Texto del Evangelio (Mt 25,1-13): En aquel tiempo, Jesús dijo a sus discípulos esta parábola: «El Reino de los Cielos será semejante a diez vírgenes, que, con su lámpara en la mano, salieron al encuentro del novio. Cinco de ellas eran necias, y cinco prudentes. Las necias, en efecto, al tomar sus lámparas, no se proveyeron de aceite; las prudentes, en cambio, junto con sus lámparas tomaron aceite en las alcuzas. Como el novio tardara, se adormilaron todas y se durmieron. Mas a media noche se oyó un grito: ‘¡Ya está aquí el novio! ¡Salid a su encuentro!’. Entonces todas aquellas vírgenes se levantaron y arreglaron sus lámparas. Y las necias dijeron a las prudentes: ‘Dadnos de vuestro aceite, que nuestras lámparas se apagan’. Pero las prudentes replicaron: ‘No, no sea que no alcance para nosotras y para vosotras; es mejor que vayáis donde los vendedores y os lo compréis’. Mientras iban a comprarlo, llegó el novio, y las que estaban preparadas entraron con él al banquete de boda, y se cerró la puerta.
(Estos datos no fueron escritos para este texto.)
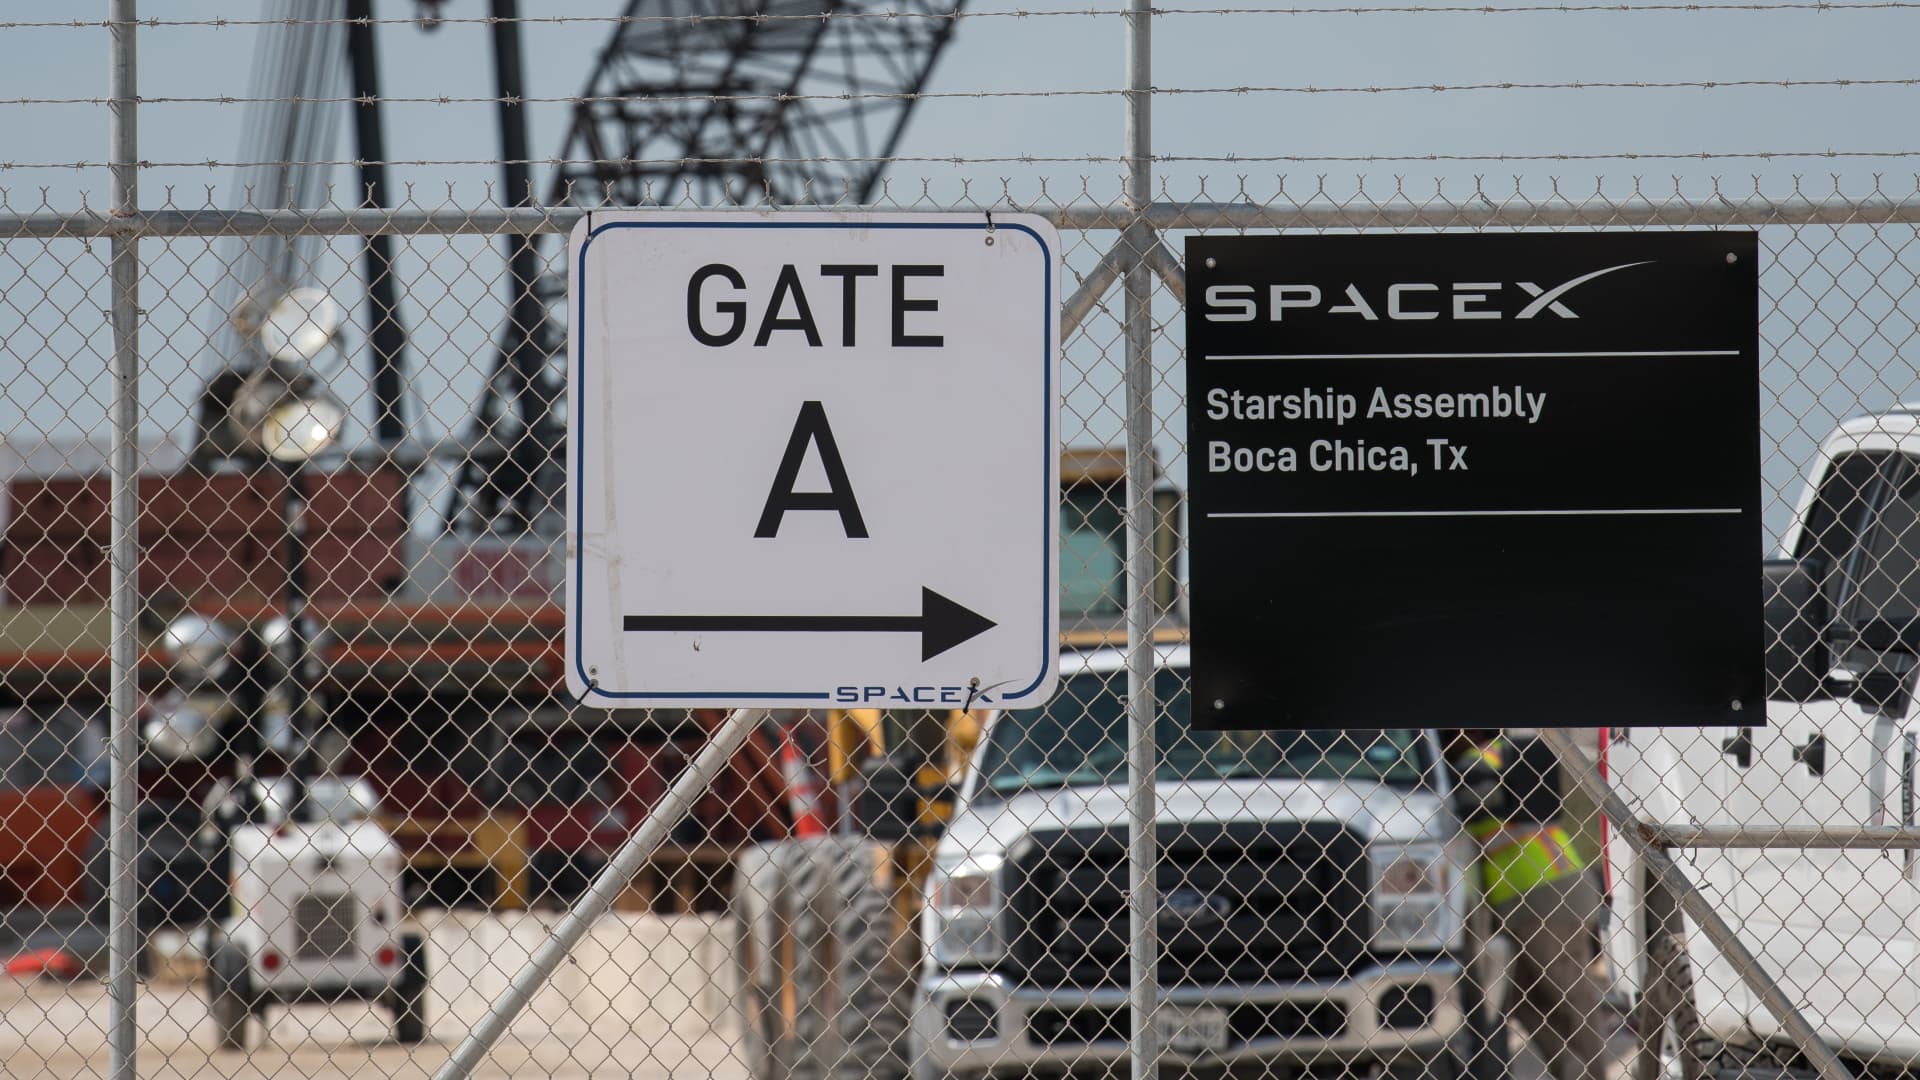 SpaceX is testing a "flame deflector" for Starship without permits

Más tarde llegaron las otras vírgenes diciendo: ‘¡Señor, señor, ábrenos!’. Pero él respondió: ‘En verdad os digo que no os conozco’. Velad, pues, porque no sabéis ni el día ni la hora».


«En verdad os digo que no os conozco»
Rev. D. Joan Ant. MATEO i García 
(La Fuliola, Lleida, España)


Hoy, Viernes XXI del tiempo ordinario, el Señor nos recuerda en el Evangelio que hay que estar siempre vigilantes y preparados para encontrarnos con Él. A media noche, en cualquier momento, pueden llamar a la puerta e invitarnos a salir a recibir al Señor. La muerte no pide cita previa. De hecho, «no sabéis ni el día ni la hora» (Mt 25,13).

Vigilar no significa vivir con miedo y angustia. Quiere decir vivir de manera responsable nuestra vida de hijos de Dios, nuestra vida de fe, esperanza y caridad. El Señor espera continuamente nuestra respuesta de fe y amor, constantes y pacientes, en medio de las ocupaciones y preocupaciones que van tejiendo nuestro vivir.

Y esta respuesta sólo la podemos dar nosotros, tú y yo. Nadie lo puede hacer en nuestro lugar. Esto es lo que significa la negativa de las vírgenes prudentes a ceder parte de su aceite para las lámparas apagadas de las vírgenes necias: «Es mejor que vayáis donde los vendedores y os lo compréis» (Mt 25,9). Así, nuestra respuesta a Dios es personal e intransferible.

No esperemos un “mañana” —que quizá no vendrá— para encender la lámpara de nuestro amor para el Esposo. Carpe diem! Hay que vivir en cada segundo de nuestra vida toda la pasión que un cristiano ha de sentir por su Señor. Es un dicho conocido, pero que no estará de más recordarlo de nuevo: «Vive cada día de tu vida como si fuese el primer día de tu existencia, como si fuese el único día de que disponemos, como si fuese el último día de nuestra vida». Una llamada realista a la necesaria y razonable conversión que hemos de llevar a término.

Que Dios nos conceda la gracia en su gran misericordia de que no tengamos que oír en la hora suprema: «En verdad os digo que no os conozco» (Mt 25,12), es decir, «no habéis tenido ninguna relación ni trato conmigo». Tratemos al Señor en esta vida de manera que lleguemos a ser conocidos y amigos suyos en el tiempo y en la eternidad.